MATERIAL FOR THIS TASK:

※ ※ ※

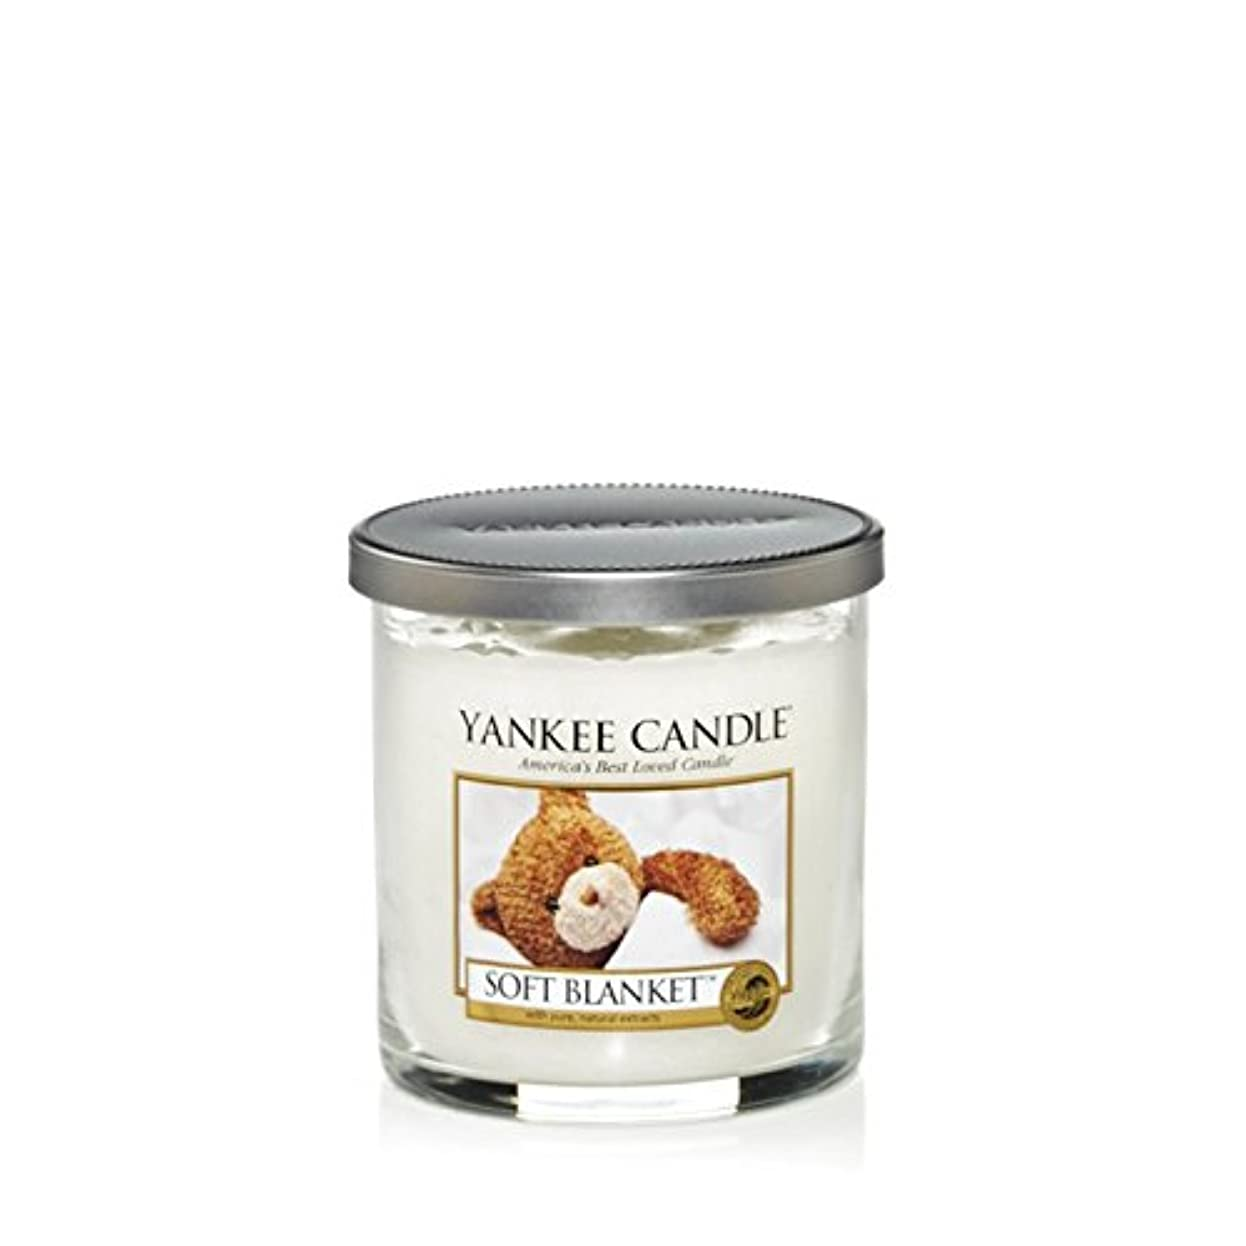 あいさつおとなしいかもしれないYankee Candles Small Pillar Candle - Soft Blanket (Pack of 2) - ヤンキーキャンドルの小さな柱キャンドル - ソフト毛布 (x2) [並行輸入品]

※ ※ ※

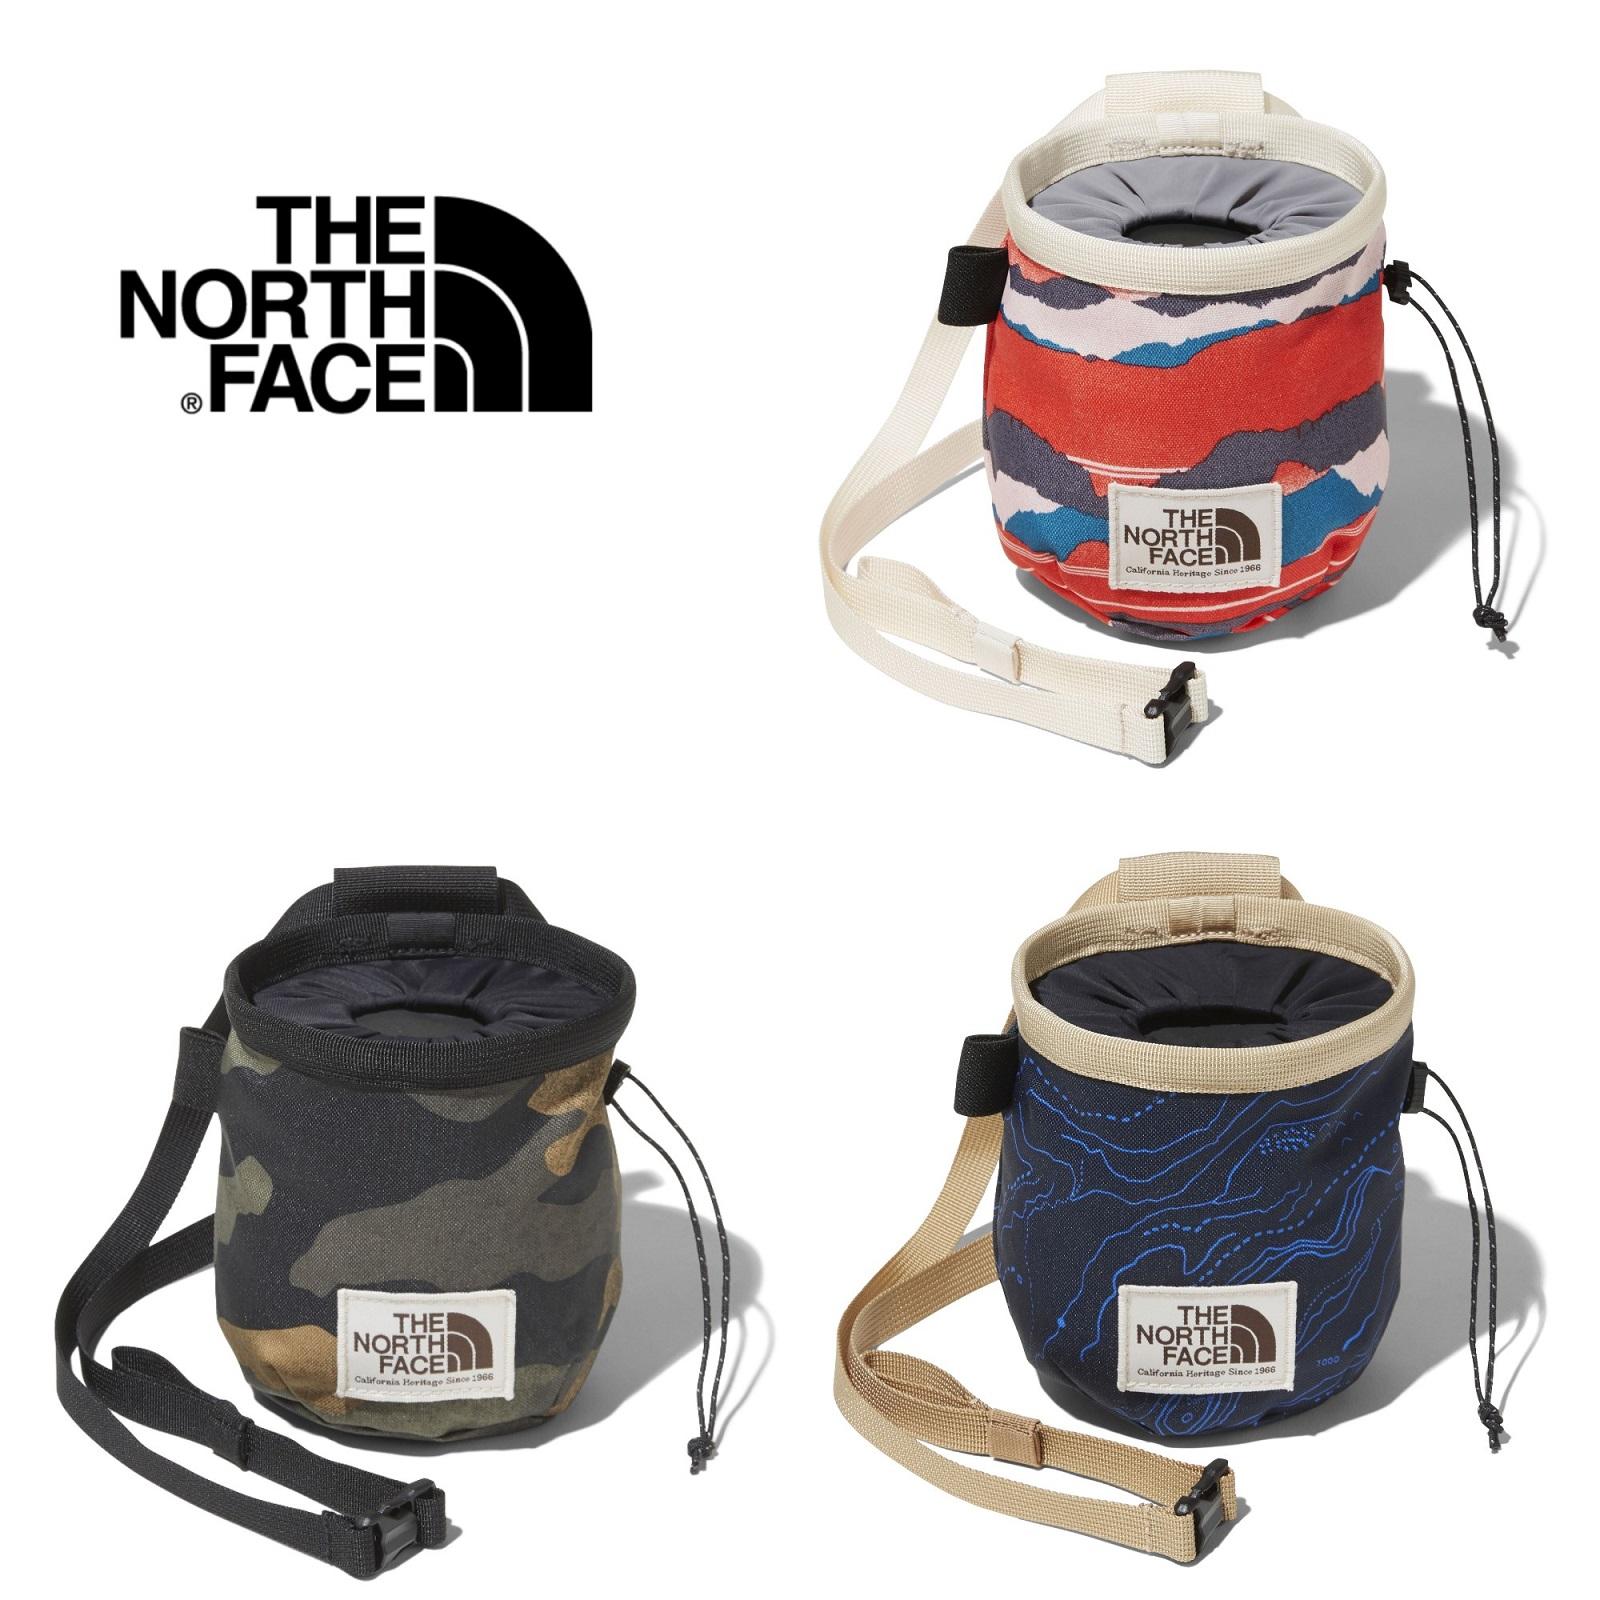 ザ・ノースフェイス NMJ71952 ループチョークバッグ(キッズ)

※ ※ ※

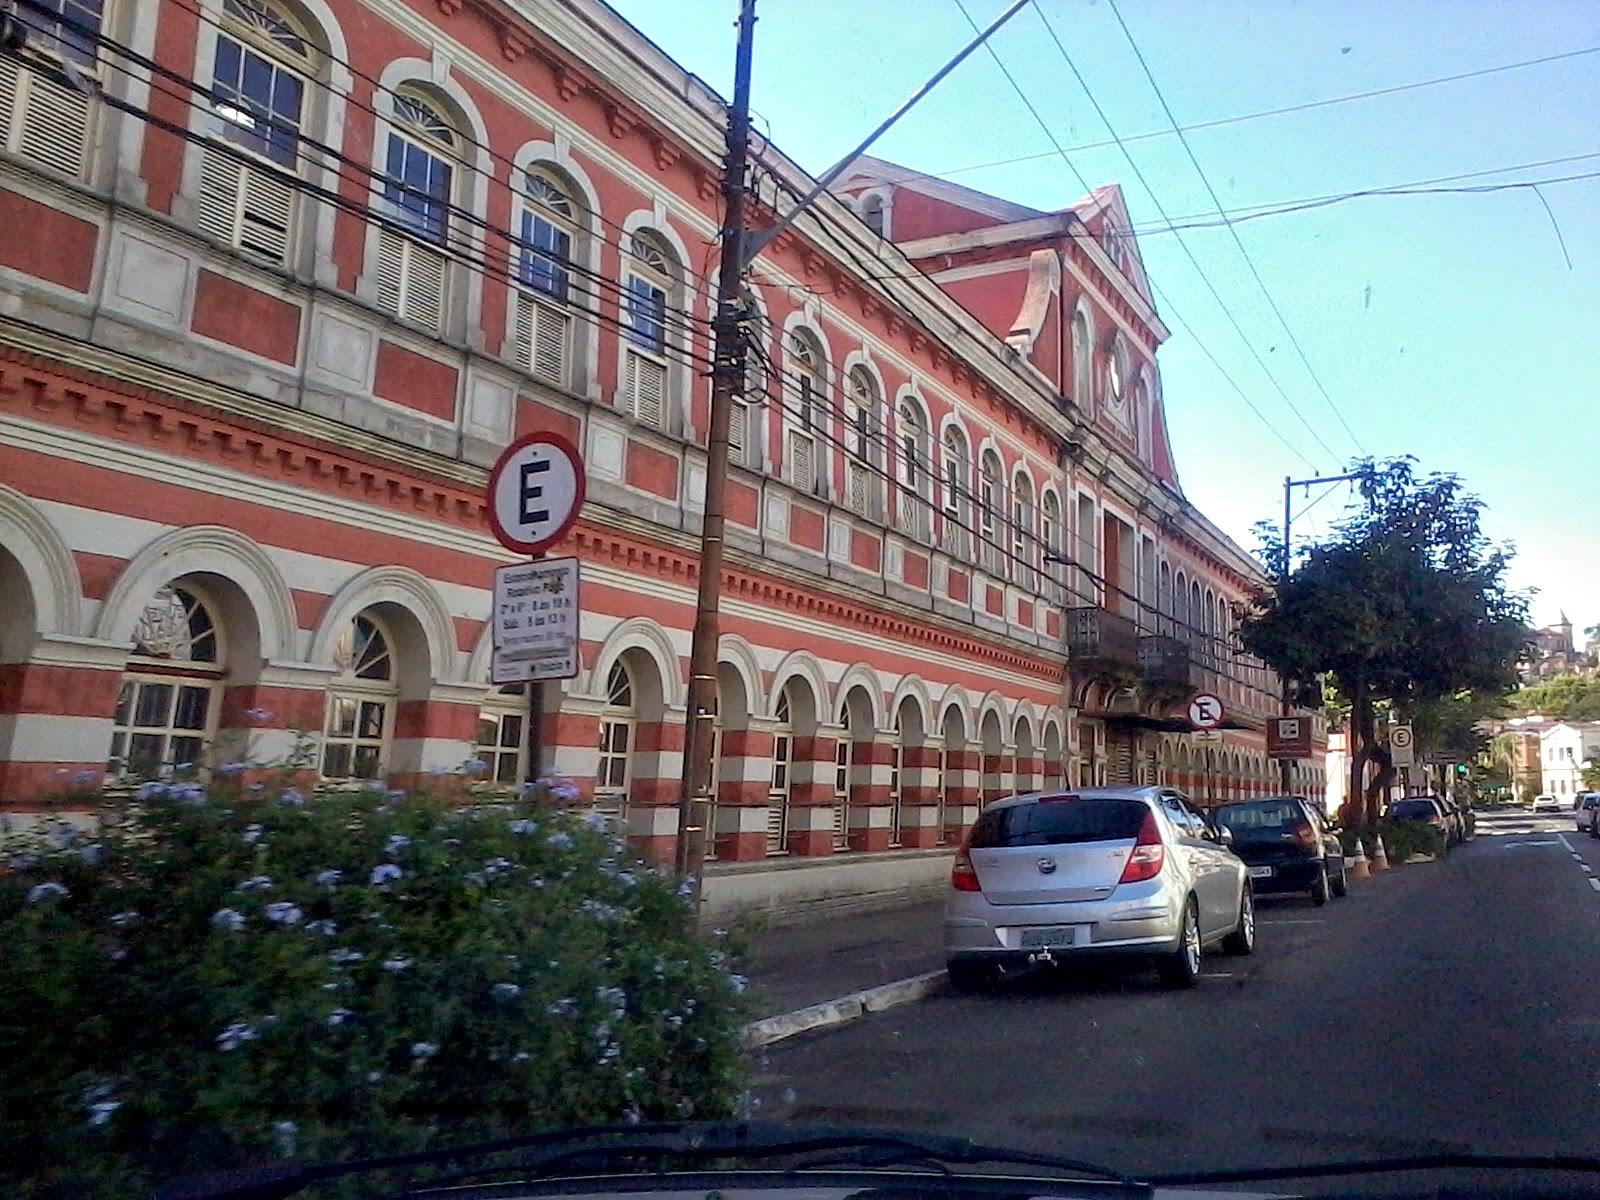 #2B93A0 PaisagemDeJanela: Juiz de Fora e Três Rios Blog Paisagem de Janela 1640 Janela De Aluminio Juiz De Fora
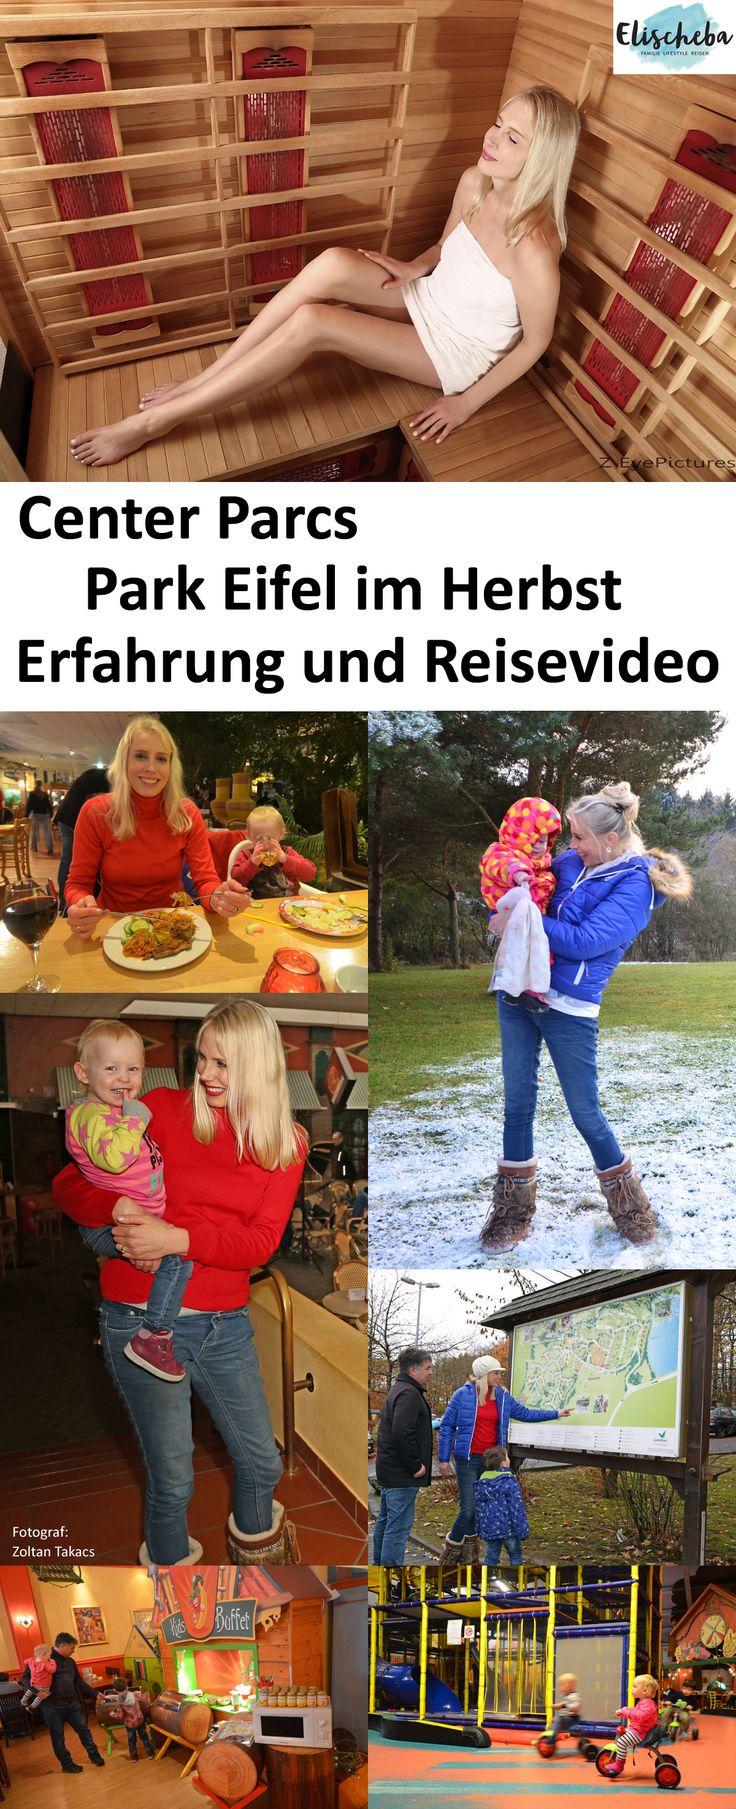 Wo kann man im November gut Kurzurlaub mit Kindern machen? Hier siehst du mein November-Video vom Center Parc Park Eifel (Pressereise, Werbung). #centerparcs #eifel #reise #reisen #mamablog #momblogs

※ ※ ※

WHAT IS BEING ASKED: Exact repeat of the material above: every line from the one with "#2B93A0 PaisagemDeJanela: Juiz" through the one with "Wo kann man", endpoints included, and nothing more. No pictures.

EXERCISE SOLUTION:
 #2B93A0 PaisagemDeJanela: Juiz de Fora e Três Rios Blog Paisagem de Janela 1640 Janela De Aluminio Juiz De Fora
 Wo kann man im November gut Kurzurlaub mit Kindern machen? Hier siehst du mein November-Video vom Center Parc Park Eifel (Pressereise, Werbung). #centerparcs #eifel #reise #reisen #mamablog #momblogs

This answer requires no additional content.